Material provided »
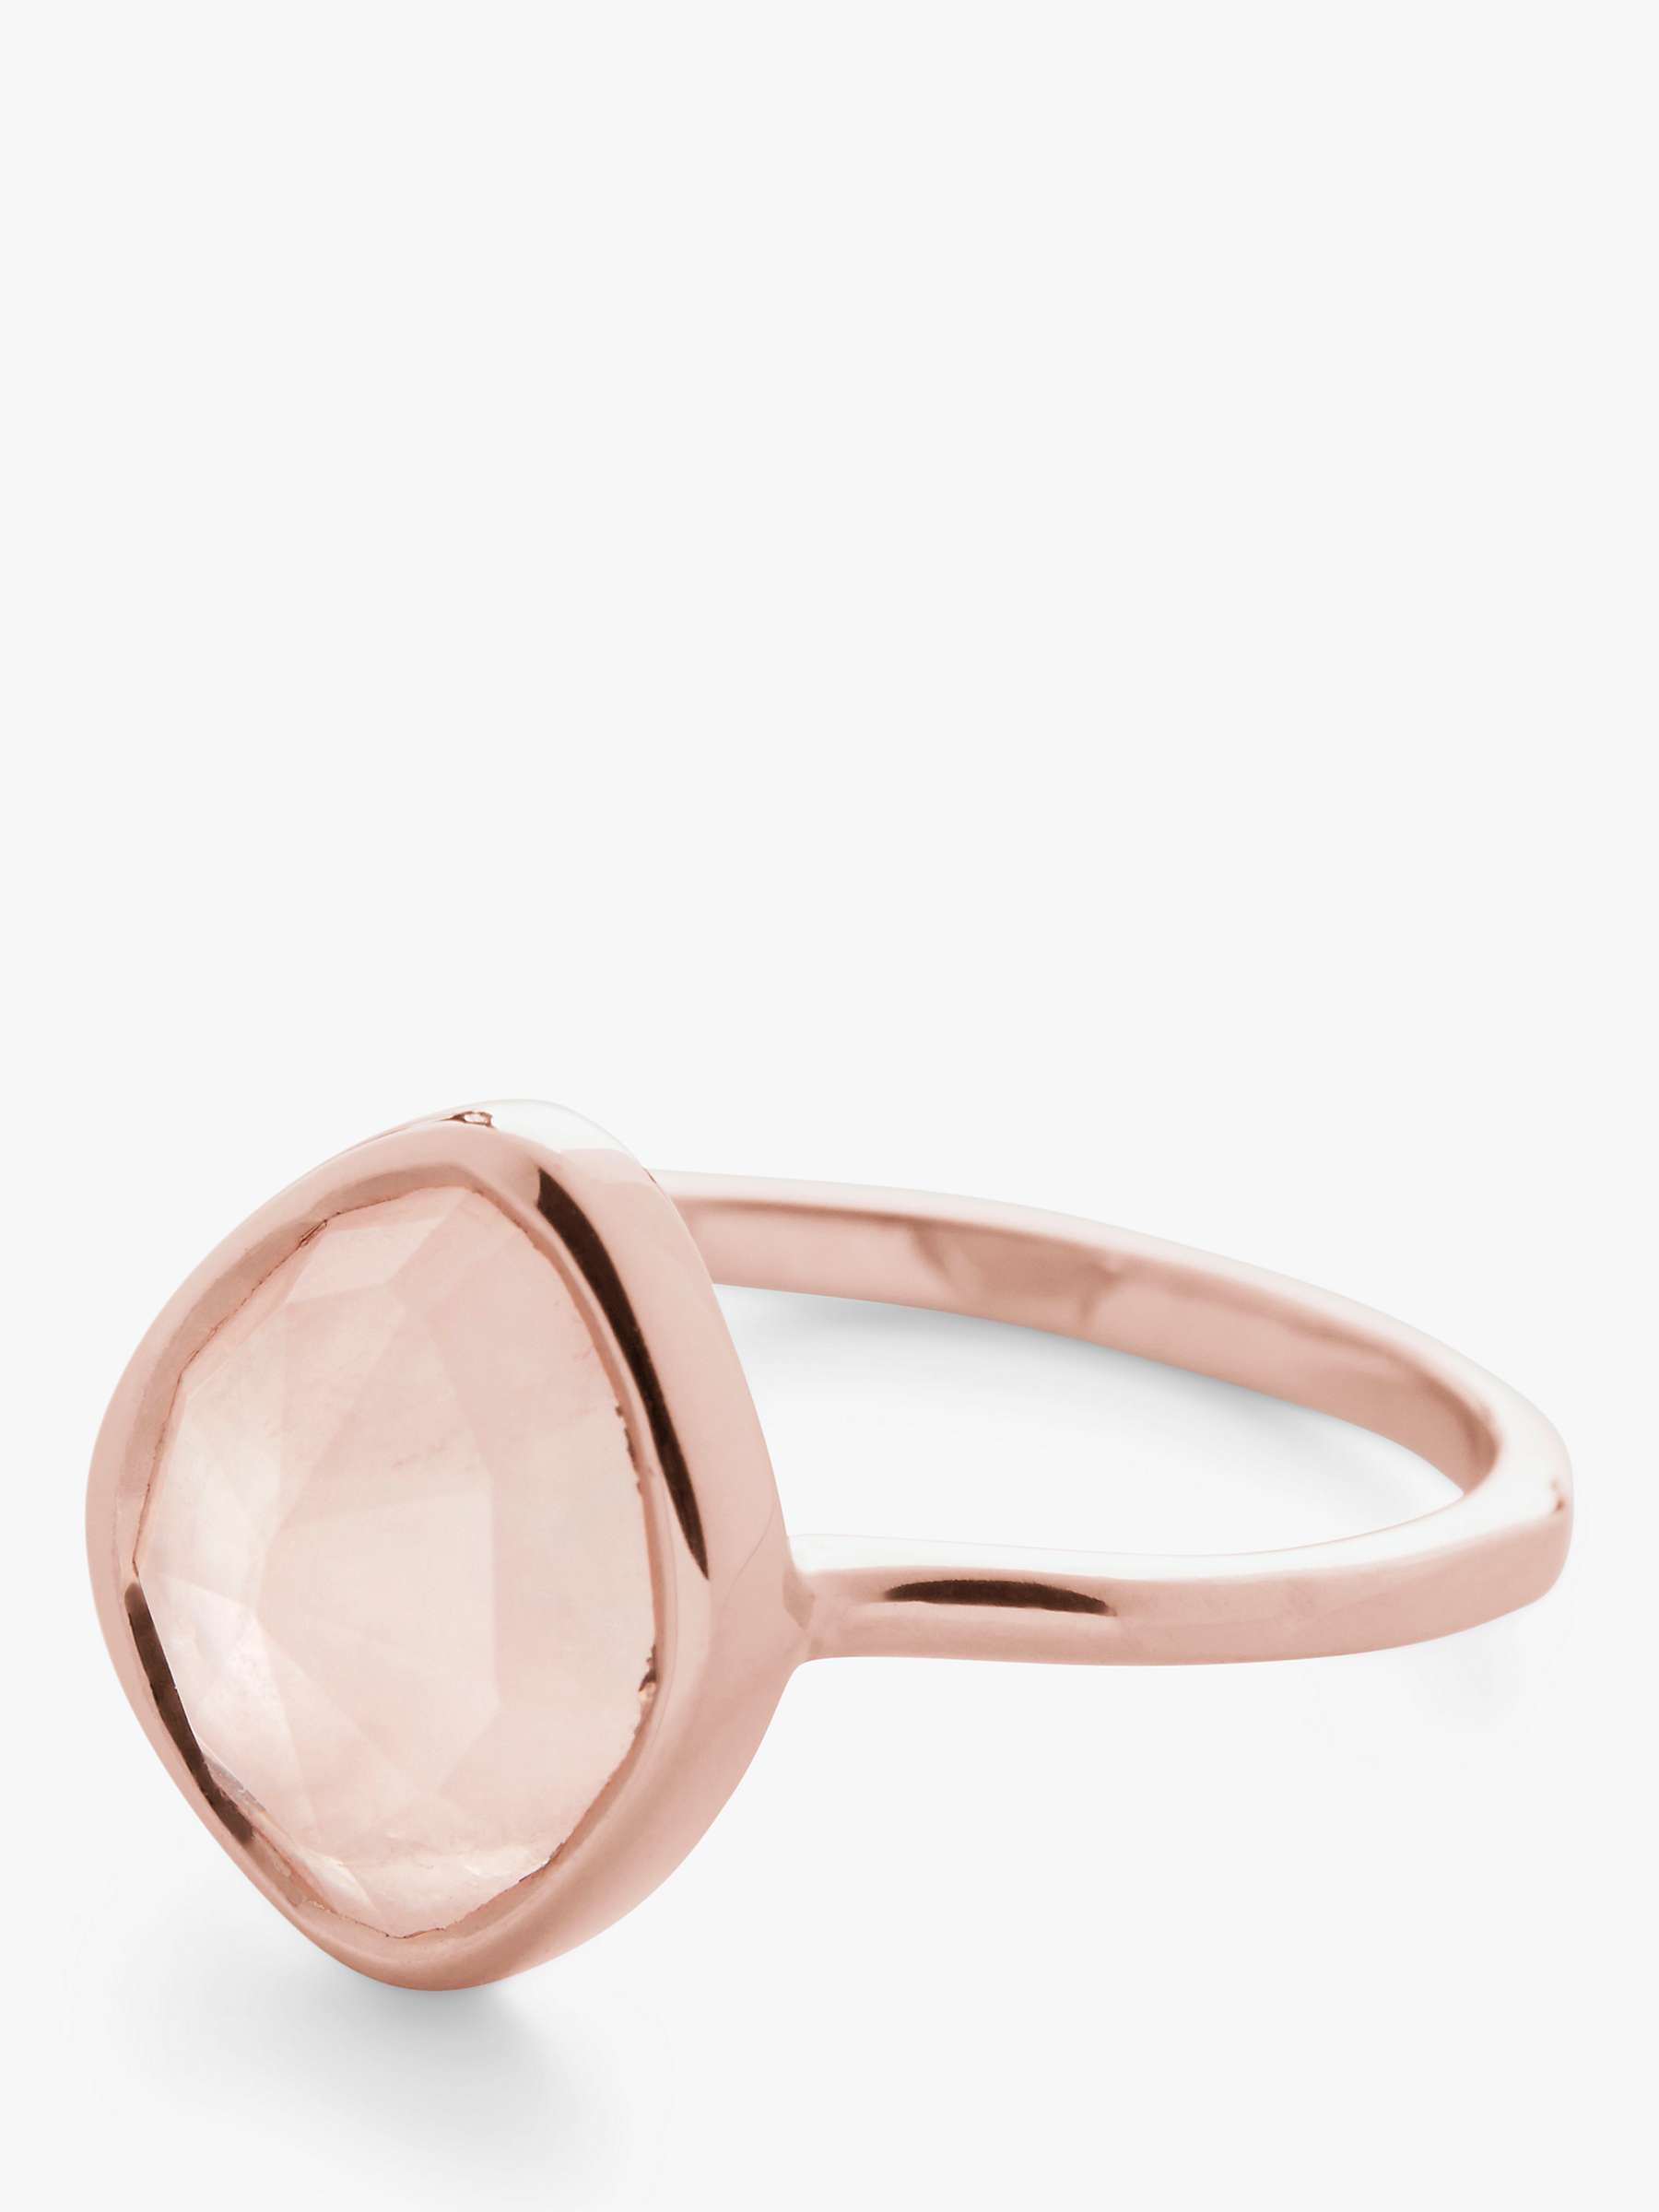 Buy Monica Vinader Siren Nugget Rose Quartz Ring, Rose Gold Online at johnlewis.com
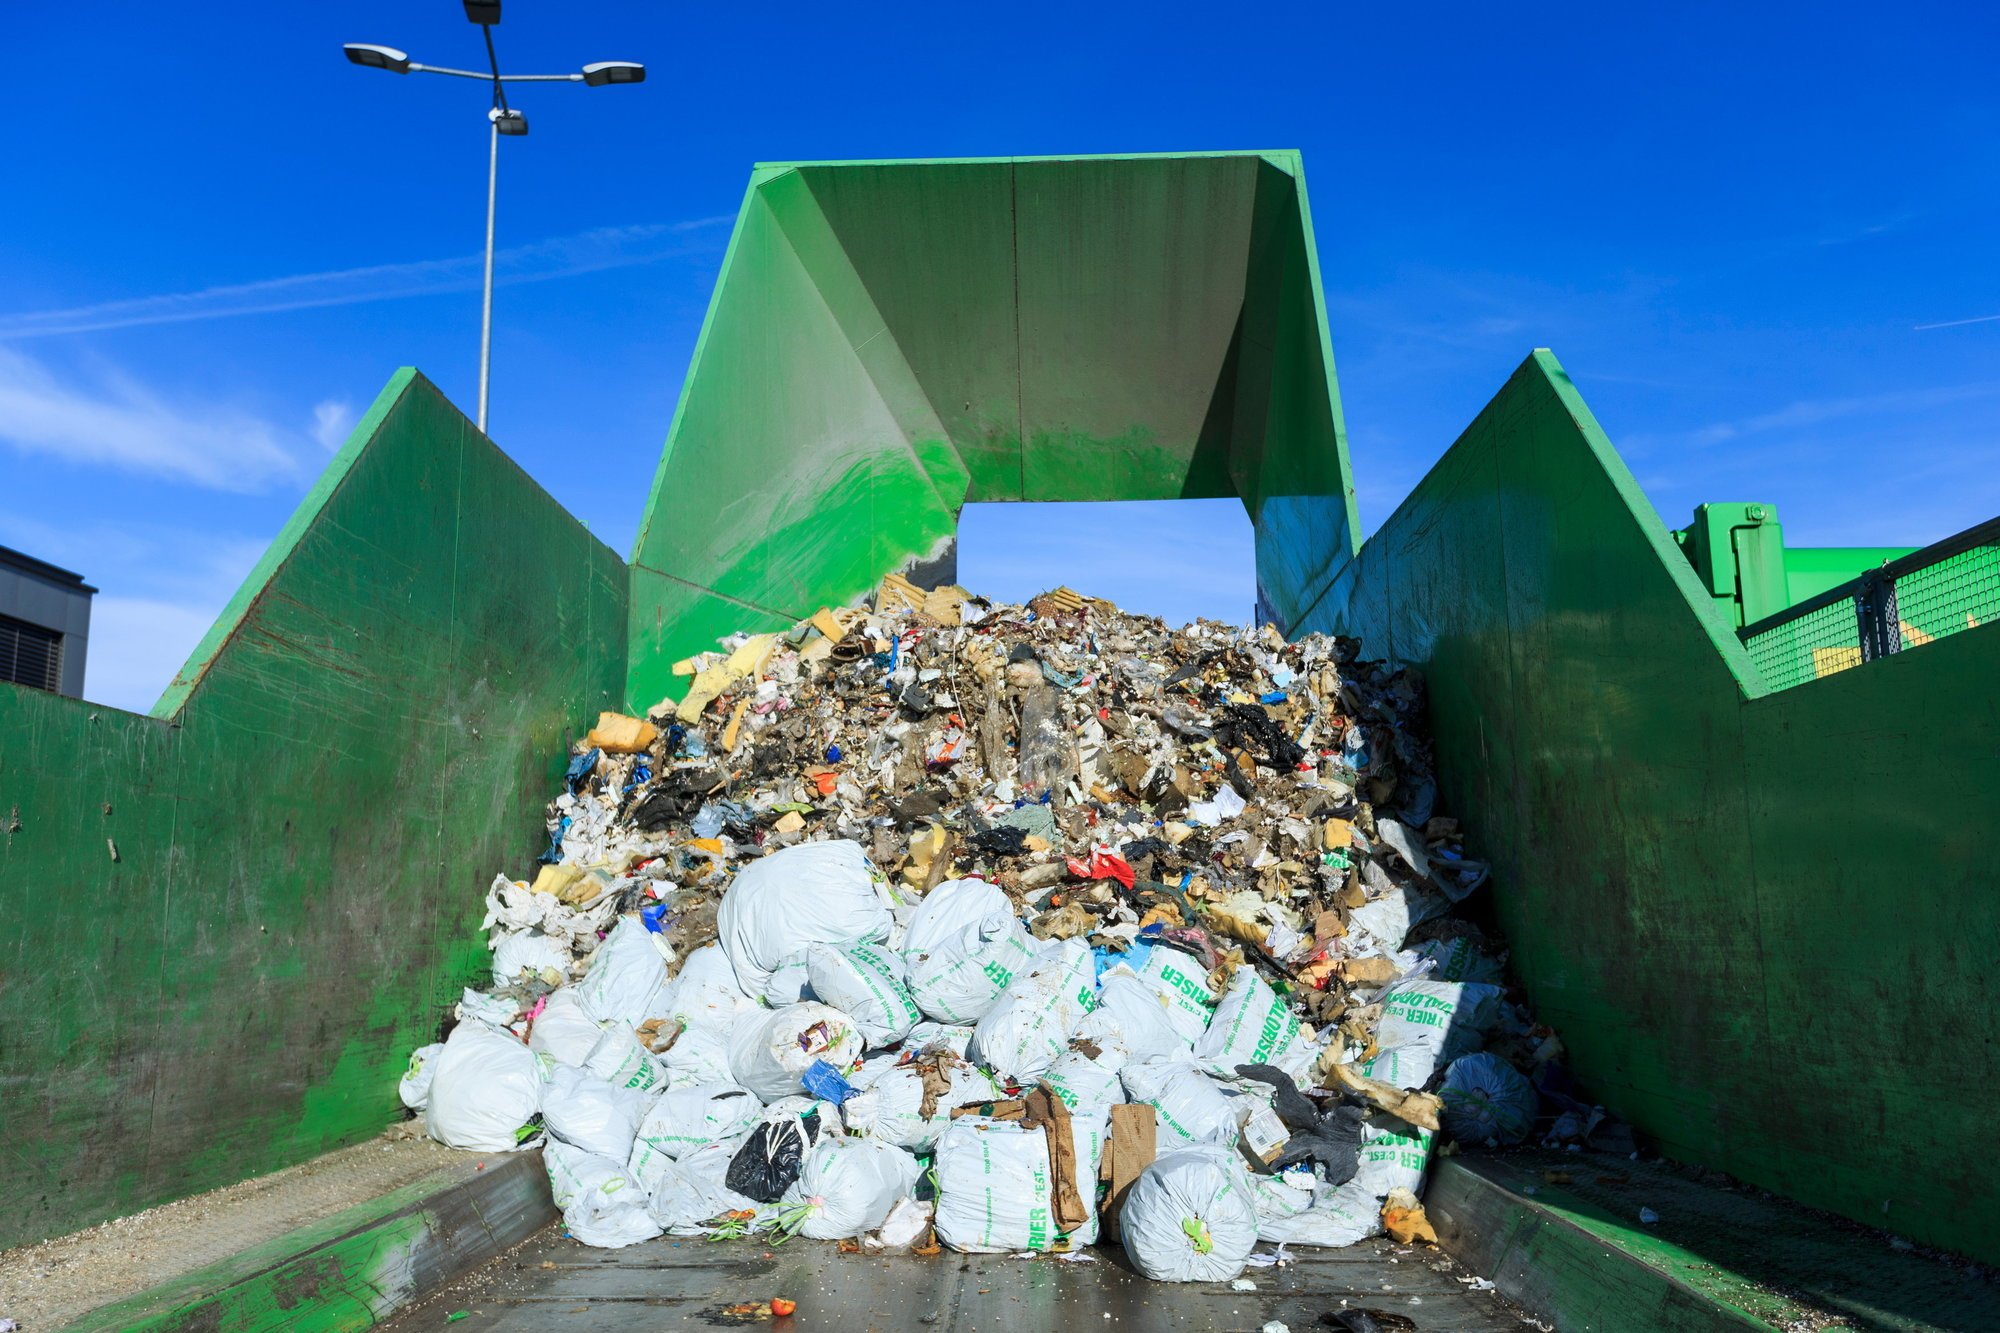 L’affaire concerne un appel d’offres pour le ramassage et le transport des ordures ménagères et autres déchets en Valais. (Image d’illustration)
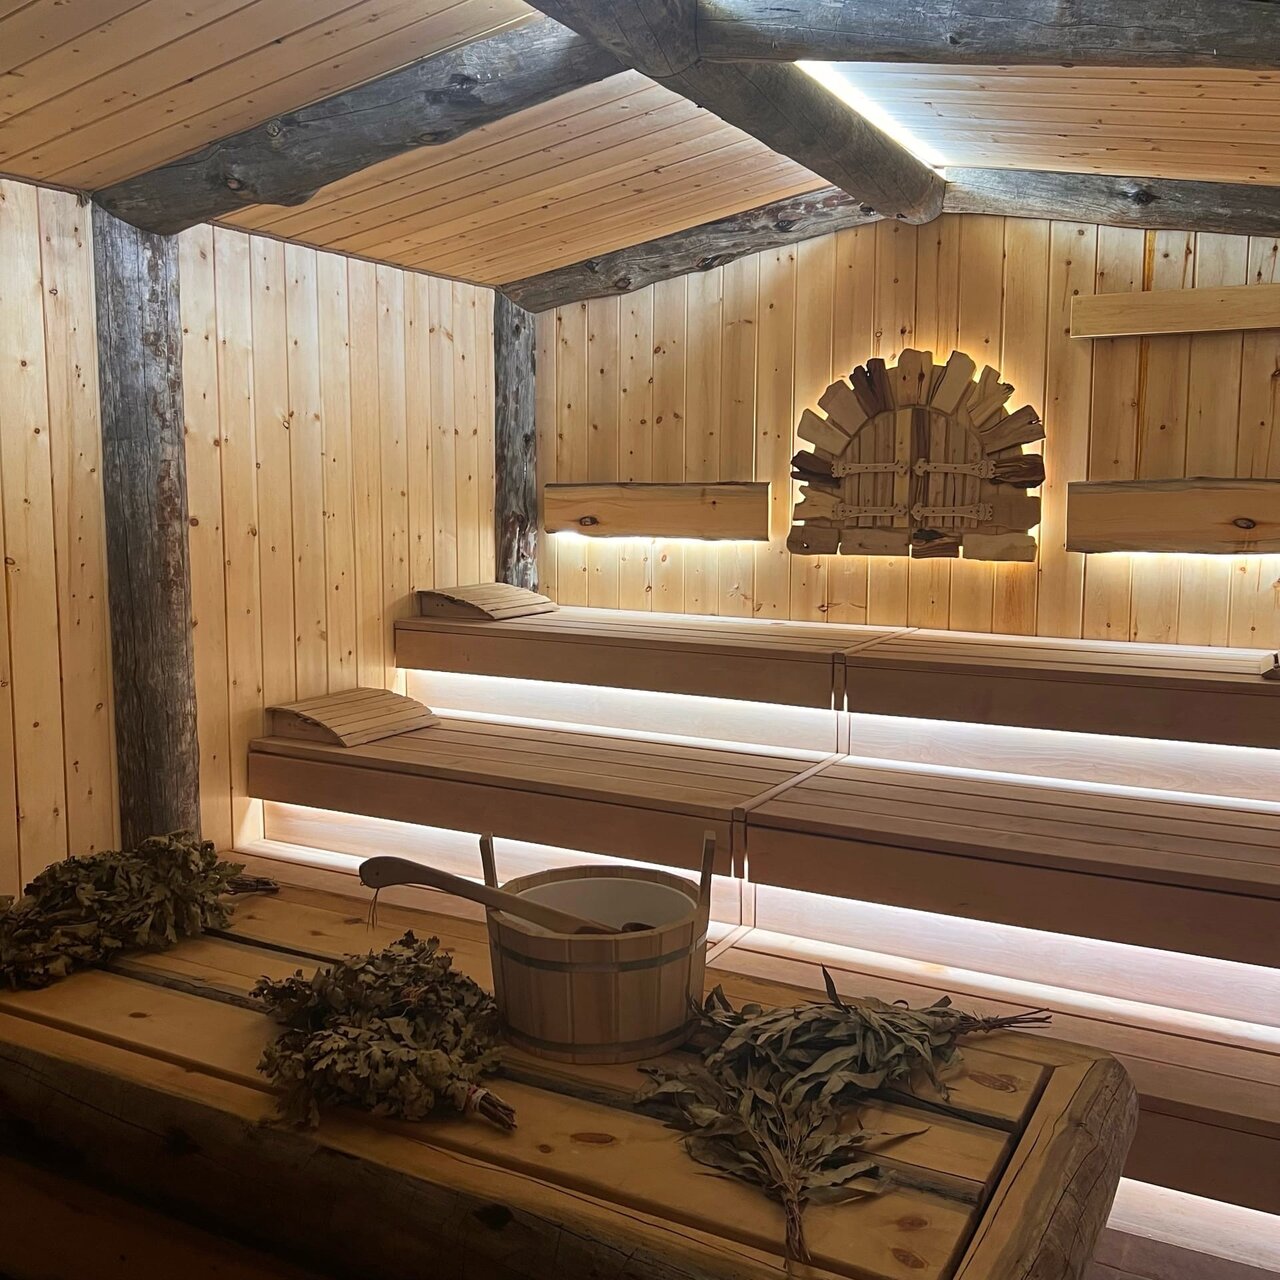 «7 мест, где попариться в бане в Симферополе» фото материала

Problem description » Restate the listing word for word and drop the pictures.

Result »
 Buy Monica Vinader Siren Nugget Rose Quartz Ring, Rose Gold Online at johnlewis.com
 L’affaire concerne un appel d’offres pour le ramassage et le transport des ordures ménagères et autres déchets en Valais. (Image d’illustration)
 «7 мест, где попариться в бане в Симферополе» фото материала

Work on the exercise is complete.